Various methods for sample size determination in CRTs exist,2,3 which all rely on estimation of the ICC. In practice, ICC estimates are typically based on pilot studies, but these are often too small to provide precise and reliable estimates. 4 An alternative simple approach is to use a conservative estimate of the ICC (e.g. the upper confidence interval limit) in the sample size calculation. 5 However, this can lead to over-powered and unnecessarily large trials.

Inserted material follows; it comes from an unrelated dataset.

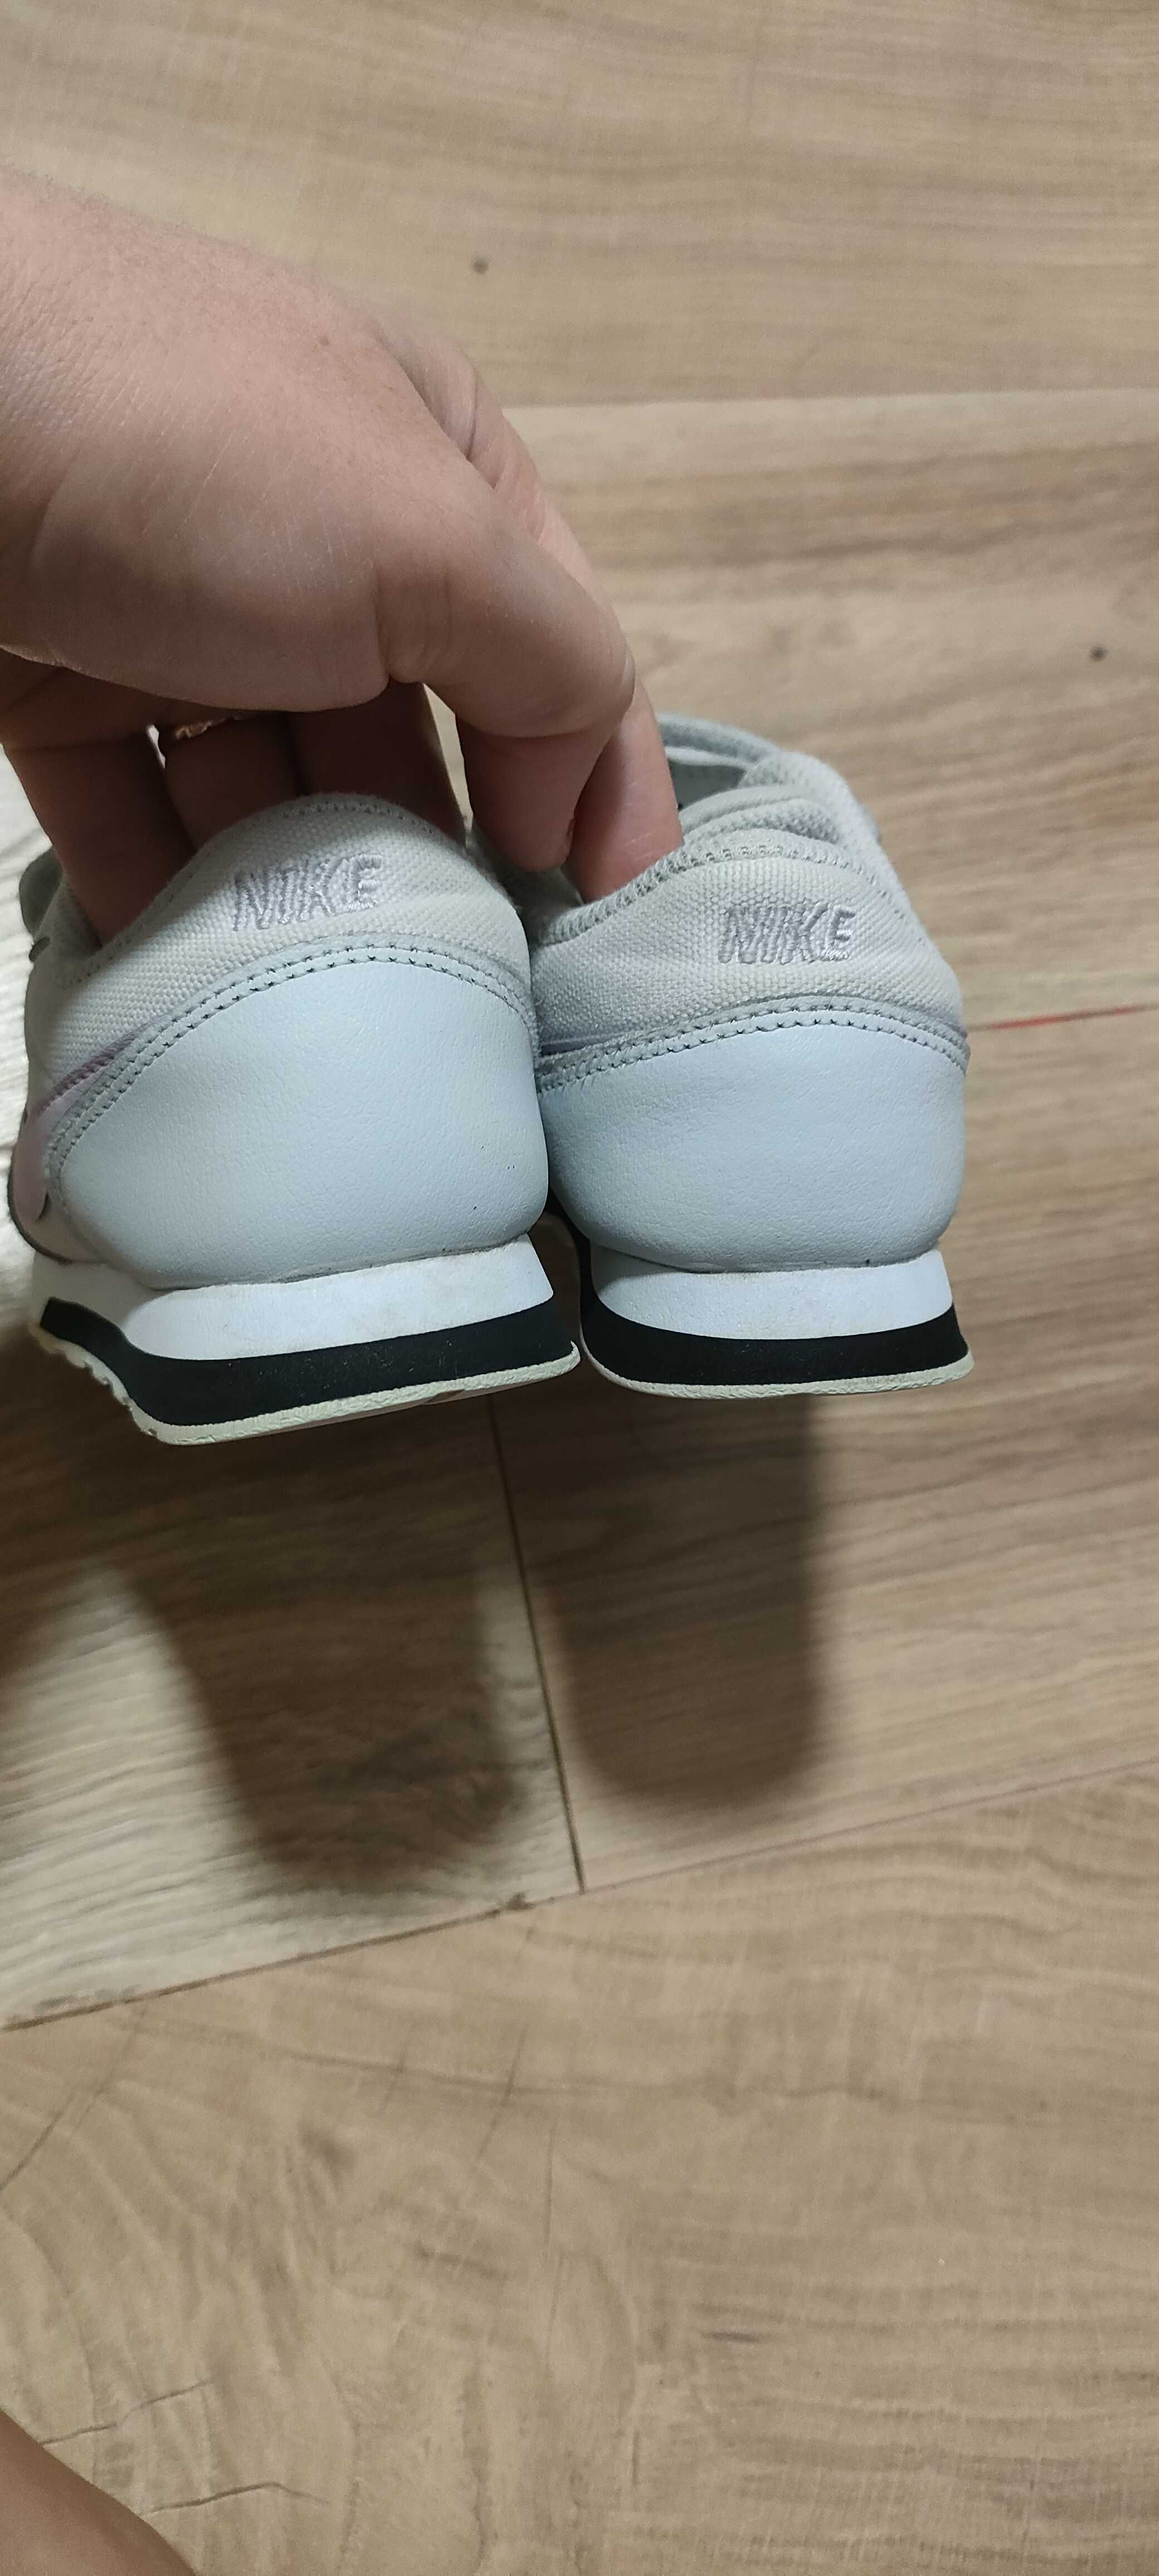 Buty dziecięce Nike MD Runner 2 TDV r. 26

A more reliable method is to combine ICC estimates from multiple sources, such as previous trials or databases listing ICC estimates, 6 and use information on patterns in ICCs. 7 This raises further issues such as how to effectively combine the ICC estimates, how to adequately reflect their varying degrees of relevance to the planned trial and how to capture the uncertainty in the individual ICC estimates. 8 It was suggested to consider integrating over a range of possible ICC values, determined by confidence intervals obtained using methods in the study by Ukoumunne, 9 to provide an ‘average’ sample size with respect to the ICC. However, this does not consider the uncertainty present in other design parameters, such as the treatment effect and variability of the outcome measures. Furthermore, it assumes that each value of the ICC is equally likely. Other approaches to deal with uncertainty in the ICC include sample size re-estimation10,11 and robust designs, such as maximin designs. 12 For the latter approach, a range rather than a prior is used for the ICC.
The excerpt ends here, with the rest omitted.